**WHAT NEEDS TO BE DONE:**
Each entry below must appear in the answer exactly as written.

(Data items)
━━━━━━━━━━
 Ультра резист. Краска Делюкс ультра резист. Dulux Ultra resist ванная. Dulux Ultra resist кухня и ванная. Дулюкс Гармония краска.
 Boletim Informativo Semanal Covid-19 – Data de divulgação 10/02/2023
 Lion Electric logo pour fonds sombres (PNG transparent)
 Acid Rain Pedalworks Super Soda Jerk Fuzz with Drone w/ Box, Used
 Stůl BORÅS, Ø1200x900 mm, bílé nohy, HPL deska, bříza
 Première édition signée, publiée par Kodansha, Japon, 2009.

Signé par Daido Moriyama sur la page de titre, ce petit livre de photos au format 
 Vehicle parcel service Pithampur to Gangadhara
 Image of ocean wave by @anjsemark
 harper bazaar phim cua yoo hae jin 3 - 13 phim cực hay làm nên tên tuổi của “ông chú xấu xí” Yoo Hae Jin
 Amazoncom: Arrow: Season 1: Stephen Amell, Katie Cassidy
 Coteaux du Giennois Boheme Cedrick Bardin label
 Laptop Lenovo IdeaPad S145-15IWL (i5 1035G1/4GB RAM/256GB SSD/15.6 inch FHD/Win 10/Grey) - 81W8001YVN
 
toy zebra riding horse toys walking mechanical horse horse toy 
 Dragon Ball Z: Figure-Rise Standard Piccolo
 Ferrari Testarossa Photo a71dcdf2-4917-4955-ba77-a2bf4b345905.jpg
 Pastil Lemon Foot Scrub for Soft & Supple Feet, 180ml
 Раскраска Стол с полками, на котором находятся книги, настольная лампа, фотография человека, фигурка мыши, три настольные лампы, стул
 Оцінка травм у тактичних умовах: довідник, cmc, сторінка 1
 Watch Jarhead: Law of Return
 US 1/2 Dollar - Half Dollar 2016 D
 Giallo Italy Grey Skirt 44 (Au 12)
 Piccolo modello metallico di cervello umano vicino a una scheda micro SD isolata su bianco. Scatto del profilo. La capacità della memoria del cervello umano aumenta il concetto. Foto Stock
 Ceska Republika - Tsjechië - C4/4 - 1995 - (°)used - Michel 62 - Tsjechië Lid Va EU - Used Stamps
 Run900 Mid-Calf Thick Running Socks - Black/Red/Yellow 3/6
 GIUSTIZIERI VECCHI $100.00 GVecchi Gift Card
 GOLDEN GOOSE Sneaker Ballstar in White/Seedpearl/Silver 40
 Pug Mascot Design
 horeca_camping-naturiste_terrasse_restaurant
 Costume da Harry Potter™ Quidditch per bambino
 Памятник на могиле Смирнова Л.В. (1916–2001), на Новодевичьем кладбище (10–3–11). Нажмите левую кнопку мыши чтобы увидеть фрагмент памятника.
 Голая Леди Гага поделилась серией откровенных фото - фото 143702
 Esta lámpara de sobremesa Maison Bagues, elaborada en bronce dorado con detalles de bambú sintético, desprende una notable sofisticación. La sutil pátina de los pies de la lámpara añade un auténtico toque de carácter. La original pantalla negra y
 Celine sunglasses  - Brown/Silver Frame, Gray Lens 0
━━━━━━━━━━
**TASK RESPONSE:**
 Ультра резист. Краска Делюкс ультра резист. Dulux Ultra resist ванная. Dulux Ultra resist кухня и ванная. Дулюкс Гармония краска.
 Boletim Informativo Semanal Covid-19 – Data de divulgação 10/02/2023
 Lion Electric logo pour fonds sombres (PNG transparent)
 Acid Rain Pedalworks Super Soda Jerk Fuzz with Drone w/ Box, Used
 Stůl BORÅS, Ø1200x900 mm, bílé nohy, HPL deska, bříza
 Première édition signée, publiée par Kodansha, Japon, 2009.

Signé par Daido Moriyama sur la page de titre, ce petit livre de photos au format 
 Vehicle parcel service Pithampur to Gangadhara
 Image of ocean wave by @anjsemark
 harper bazaar phim cua yoo hae jin 3 - 13 phim cực hay làm nên tên tuổi của “ông chú xấu xí” Yoo Hae Jin
 Amazoncom: Arrow: Season 1: Stephen Amell, Katie Cassidy
 Coteaux du Giennois Boheme Cedrick Bardin label
 Laptop Lenovo IdeaPad S145-15IWL (i5 1035G1/4GB RAM/256GB SSD/15.6 inch FHD/Win 10/Grey) - 81W8001YVN
 
toy zebra riding horse toys walking mechanical horse horse toy 
 Dragon Ball Z: Figure-Rise Standard Piccolo
 Ferrari Testarossa Photo a71dcdf2-4917-4955-ba77-a2bf4b345905.jpg
 Pastil Lemon Foot Scrub for Soft & Supple Feet, 180ml
 Раскраска Стол с полками, на котором находятся книги, настольная лампа, фотография человека, фигурка мыши, три настольные лампы, стул
 Оцінка травм у тактичних умовах: довідник, cmc, сторінка 1
 Watch Jarhead: Law of Return
 US 1/2 Dollar - Half Dollar 2016 D
 Giallo Italy Grey Skirt 44 (Au 12)
 Piccolo modello metallico di cervello umano vicino a una scheda micro SD isolata su bianco. Scatto del profilo. La capacità della memoria del cervello umano aumenta il concetto. Foto Stock
 Ceska Republika - Tsjechië - C4/4 - 1995 - (°)used - Michel 62 - Tsjechië Lid Va EU - Used Stamps
 Run900 Mid-Calf Thick Running Socks - Black/Red/Yellow 3/6
 GIUSTIZIERI VECCHI $100.00 GVecchi Gift Card
 GOLDEN GOOSE Sneaker Ballstar in White/Seedpearl/Silver 40
 Pug Mascot Design
 horeca_camping-naturiste_terrasse_restaurant
 Costume da Harry Potter™ Quidditch per bambino
 Памятник на могиле Смирнова Л.В. (1916–2001), на Новодевичьем кладбище (10–3–11). Нажмите левую кнопку мыши чтобы увидеть фрагмент памятника.
 Голая Леди Гага поделилась серией откровенных фото - фото 143702
 Esta lámpara de sobremesa Maison Bagues, elaborada en bronce dorado con detalles de bambú sintético, desprende una notable sofisticación. La sutil pátina de los pies de la lámpara añade un auténtico toque de carácter. La original pantalla negra y
 Celine sunglasses  - Brown/Silver Frame, Gray Lens 0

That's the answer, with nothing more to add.